▽
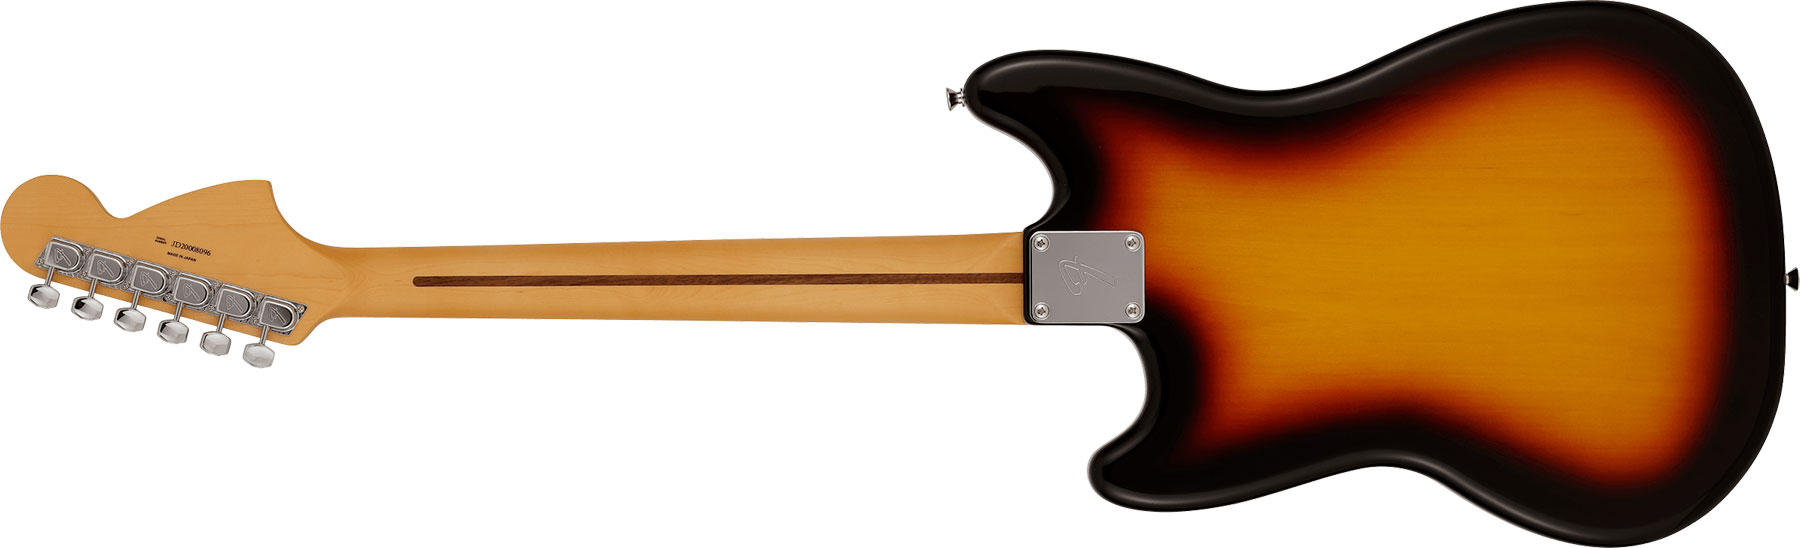 Fender Mustang Reverse Headstock Traditional Ltd Jap Hs Trem Rw - 3-color Sunburst - Str shape electric guitar - Variation 1
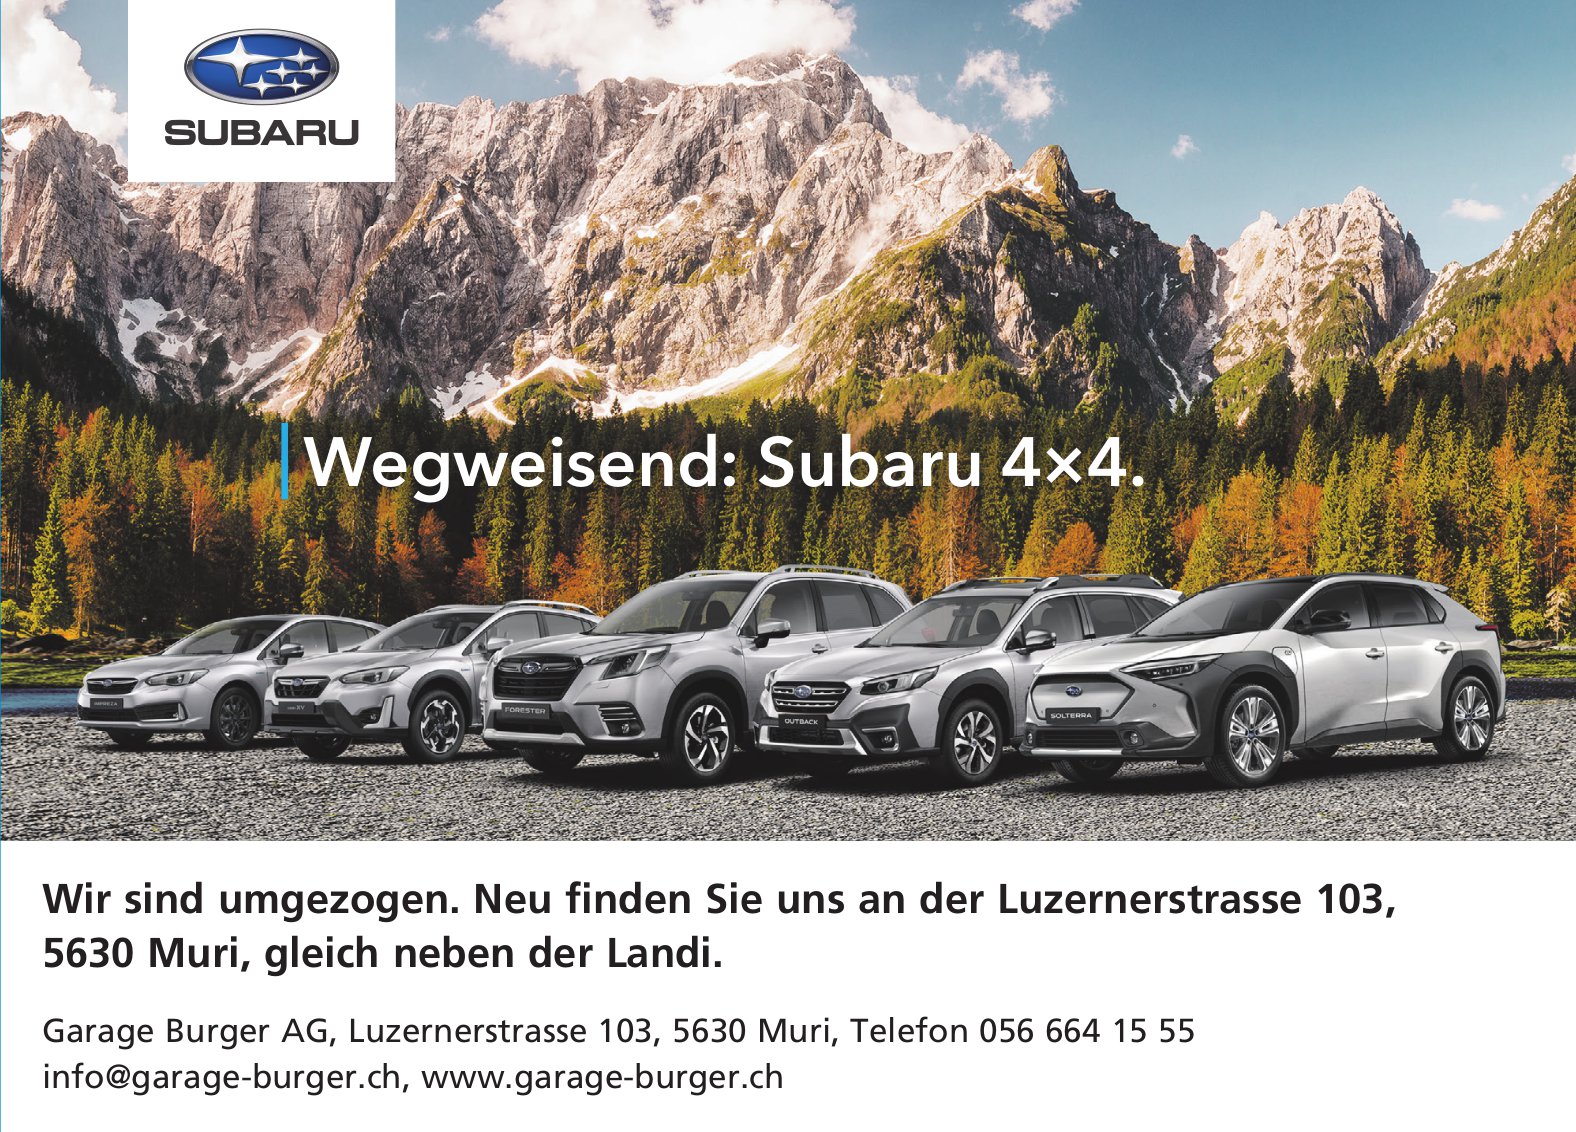 Garage Burger AG, Muri - Wegweisend: Subaru 4×4.
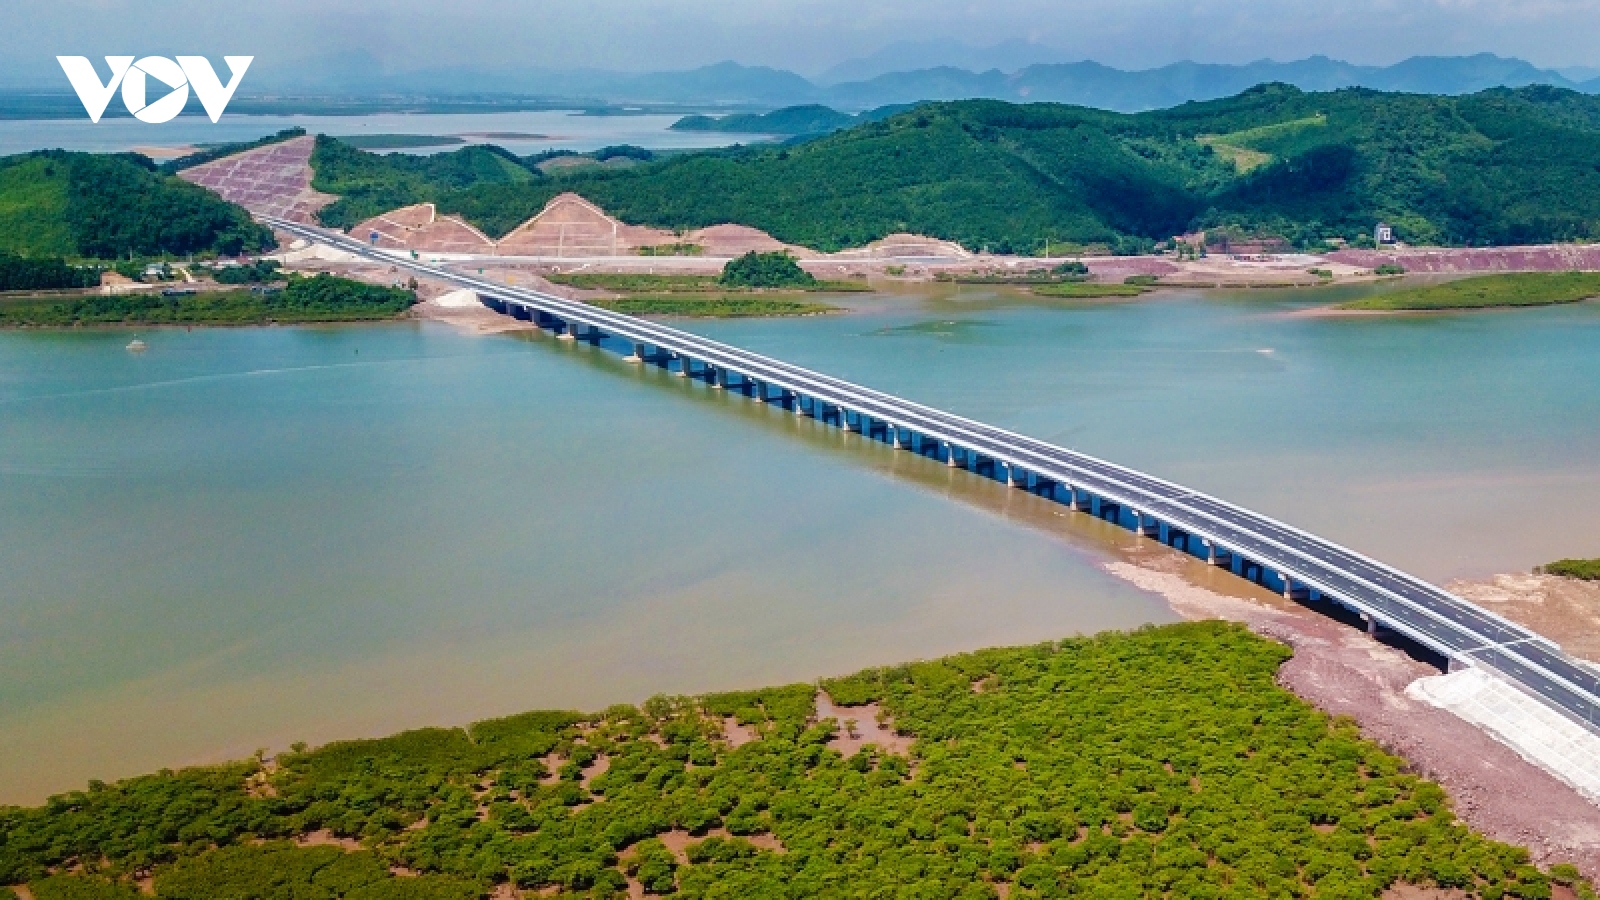 Khung cảnh hùng vĩ quanh cây cầu vượt biển dài nhất Quảng Ninh
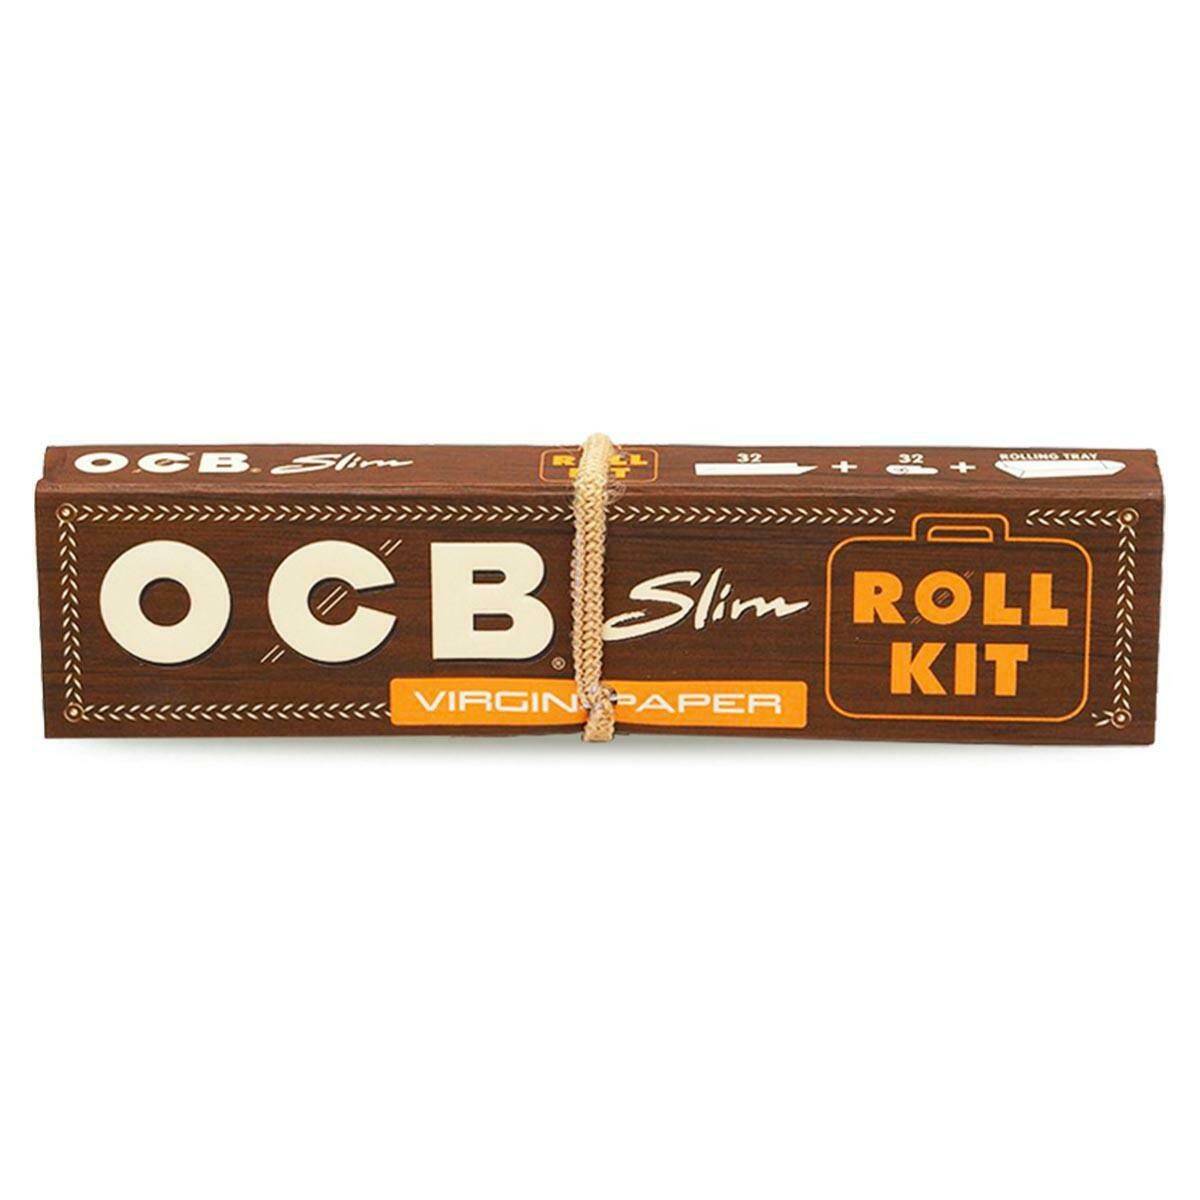 Bibułki OCB Virgin Slim + Fil (Roll Kit)
△
_WHAT YOU ARE ASKED TO DO_:
The task calls for duplicating the data exactly, with no images kept.

_WRITTEN ANSWER_:
 Fender Mustang Reverse Headstock Traditional Ltd Jap Hs Trem Rw - 3-color Sunburst - Str shape electric guitar - Variation 1
 Garage Burger AG, Muri - Wegweisend: Subaru 4×4.
 Khung cảnh hùng vĩ quanh cây cầu vượt biển dài nhất Quảng Ninh
 Bibułki OCB Virgin Slim + Fil (Roll Kit)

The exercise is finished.